I think we're pretty much on the same page here.  Just so theres no confusion, I'm not saying that bullying is ok.  I do feel that its a shame that kids today are taking it to this level...where someone will get pushed to the breaking point, where they take their own life.  

I too, was bullied in school and a few issues on the bus.  I managed to ignore a good portion of it and fortunately, that worked.  There were some cases, in which my mother was livid and told my father to go to the school.  He did a few times.  Of course, when he walked into the office, he got the usual sppech that nobody was available, blah, blah....so he walked right into the office, and of course, someone was available.   The issues stopped.  

Kids shouldn't be afraid to talk to their parents.  If kids are showing signs, ie: skipping school, saying they dont want to go, etc, this should be a sign for parents to ask whats going on.  The school should be providing a safe environment for kids to learn.


----------



## Archangel M (Oct 12, 2010)

stevebjj said:


> Are you kidding me?  You're seriously suggesting that kids commit suicide because they have an _overdeveloped_ sense of self worth?
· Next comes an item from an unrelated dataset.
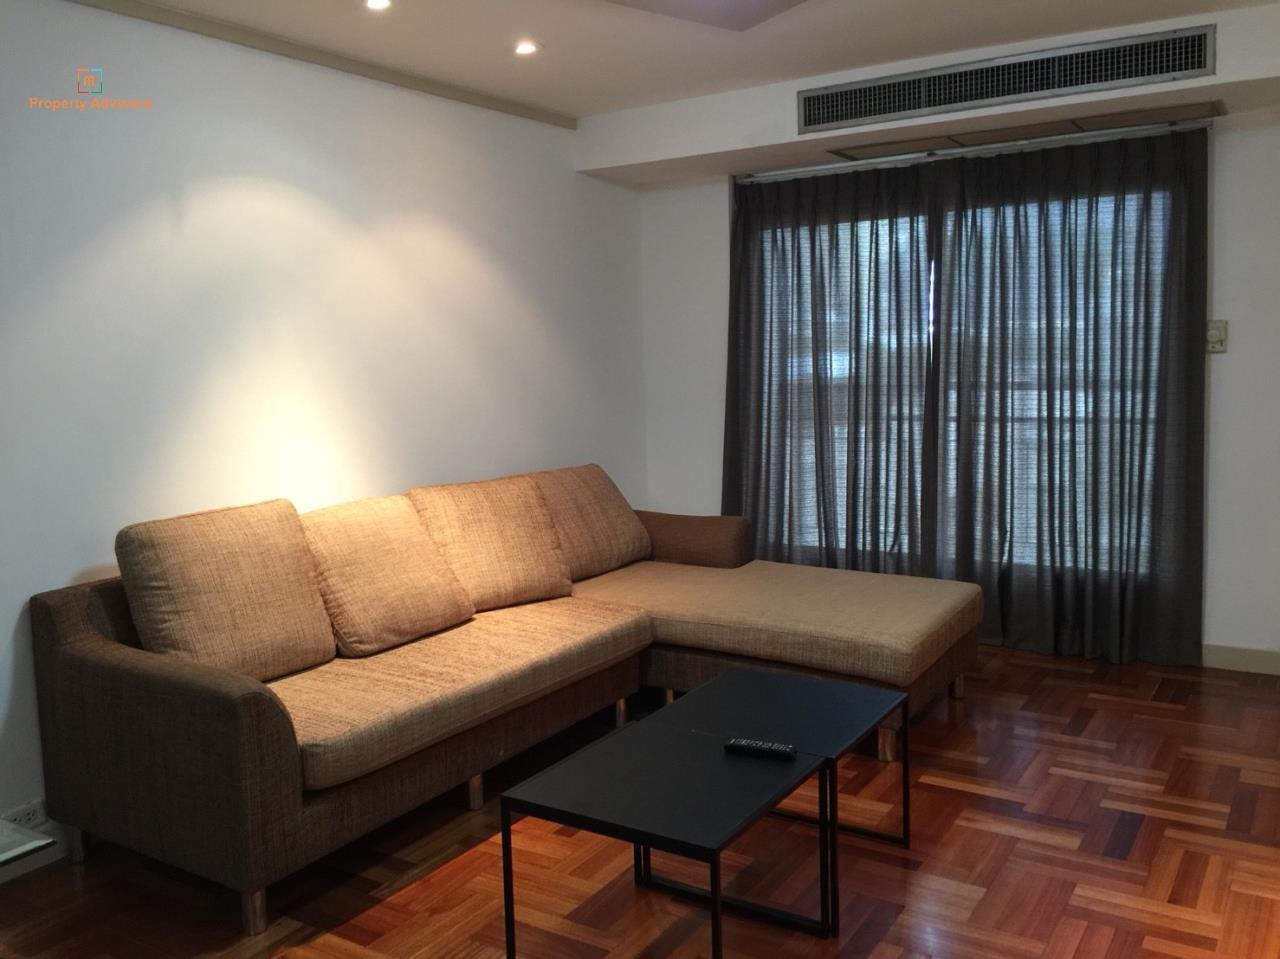 m2 Property Advisors Agency's Liberty ParkII Sukhumvit 11 1

In the sense that embarrassment, or an assault on their self-esteem results in shootings or suicide?

Yup.


----------



## Archangel M (Oct 12, 2010)

While we all love our children, teaching them that they are all precious little snowflakes that are more precious than any other flake out there is doing them no favors. Not that this is the case in all of these situations, but I see it all too often.


----------



## WC_lun (Oct 12, 2010)

I was a small, wierd looking kid that was the new kid a lot due to my father being military.  I could not say anything at home or I would have been beat there.  eventually I made a concious decision that a butt whooping by some kid was preferable to living life as a victim.  I quit getting bullied when the bullies realized I was a risk to thier ego.

I can see where many of the bullies are victims also, but it doesn't really excuse the behaviour.  I do believe part of the problem is there is very little real consequences for the bullies.  Usually, if anything, they get thier parents called.  What if the parents don't care...or even worse, approve of thier child's behaviour?  Nothing get resolved and the bully suffers no repurcussions for thier behaviour so it continues or gets worse.  In some cases it snowballs until the victim of that violence resorts to violence themselves, either on thier tormentors, themselves, or innocents.
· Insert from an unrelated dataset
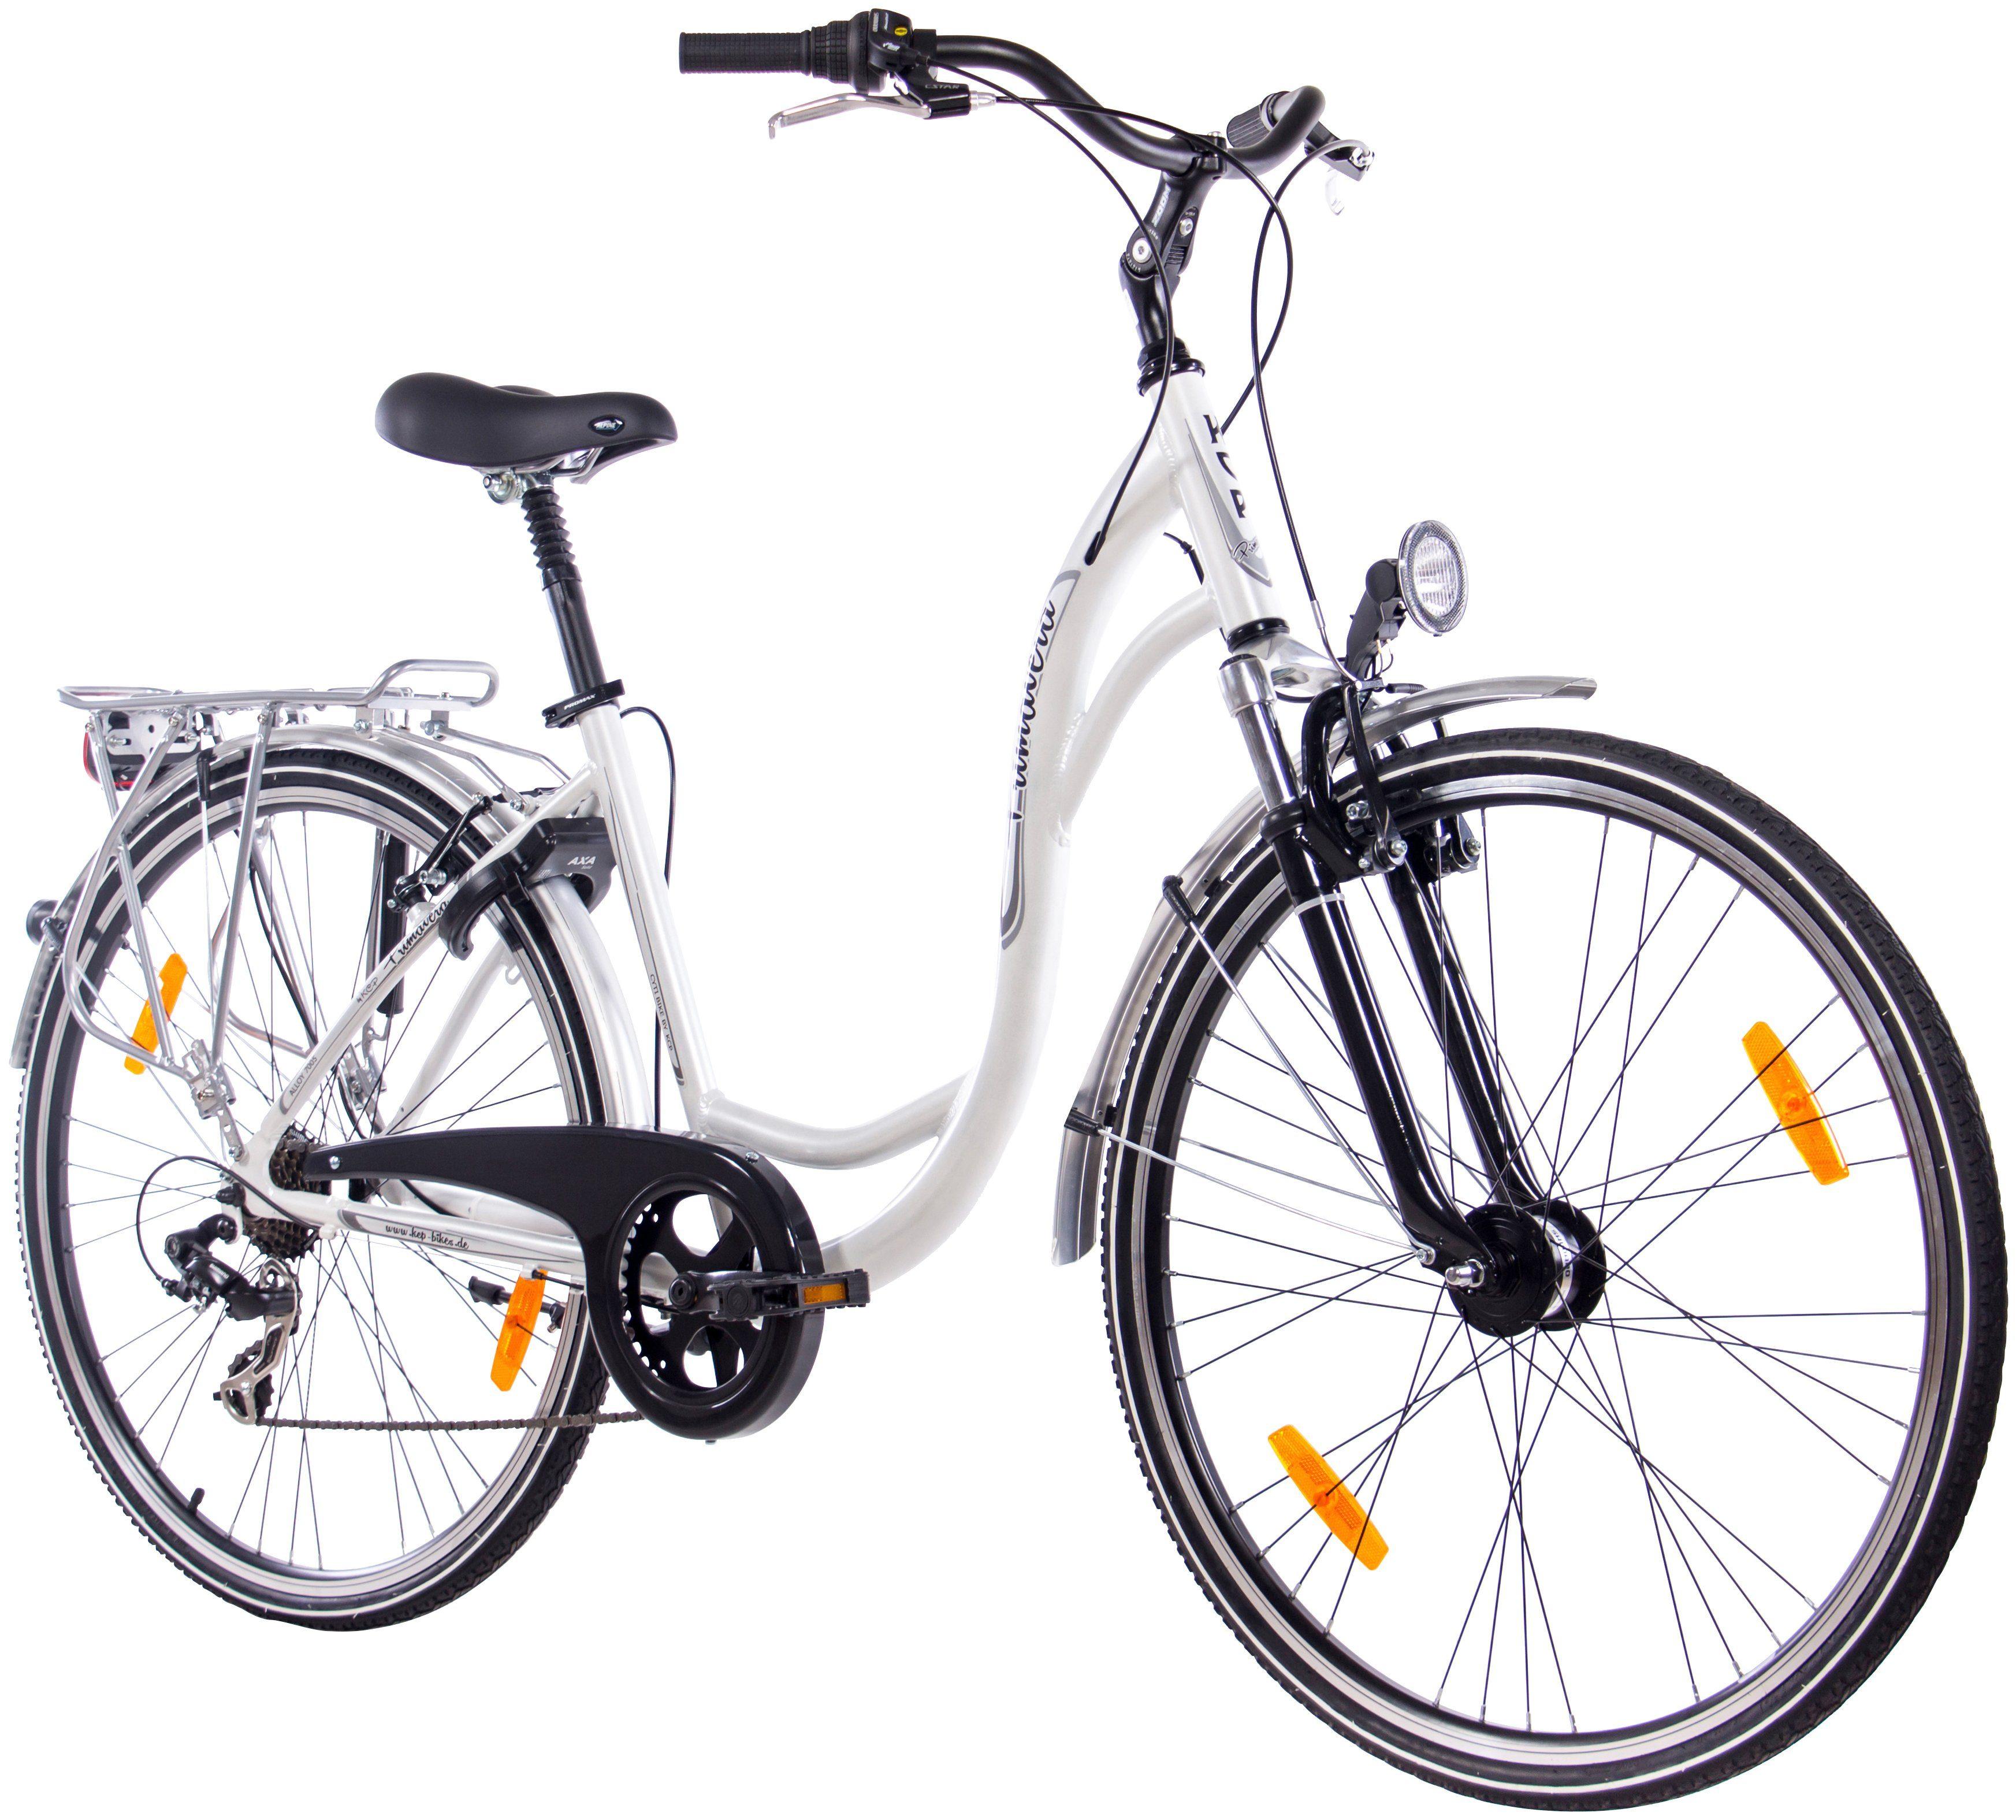 Citybike Damen »Primavera«, 28 Zoll, 7 Gang, V-Bremsen

In the adult world it isn't as easy to be a bully.  Take it too far and you can do jail time, get your butt whooped, or get shot.  Most people know this and so it isn't as prevailant.  Make it known to kids as well.  If a kid is bullying other kids, put the bully in detention.  They keep doing it, expell them.  No coddling or making excuse for them.  No repeated chances.


----------



## MA-Caver (Oct 12, 2010)

Archangel M said:


> > Originally Posted by *stevebjj*
> >
> >
> > _Are you kidding me?  You're seriously suggesting that kids commit suicide because they have an overdeveloped sense of self worth?_
> ...


Agreed with Arch, kids can be amazingly cruel and intuitively know how to push the right button on their intended victim to tear down that self-esteem in a heartbeat. My antagonists sure did, and yeah if I didn't think about shooting myself... I'd wanted to shoot THEM! ( :miffer: bastards) but I didn't. And I survived and I made it through and in retrospect learned how to build myself back up to where I don't take crap off of nobody. 



Archangel M said:


> While we all love our children, teaching them that they are all precious little snowflakes that are more precious than any other flake out there is doing them no favors. Not that this is the case in all of these situations, but I see it all too often.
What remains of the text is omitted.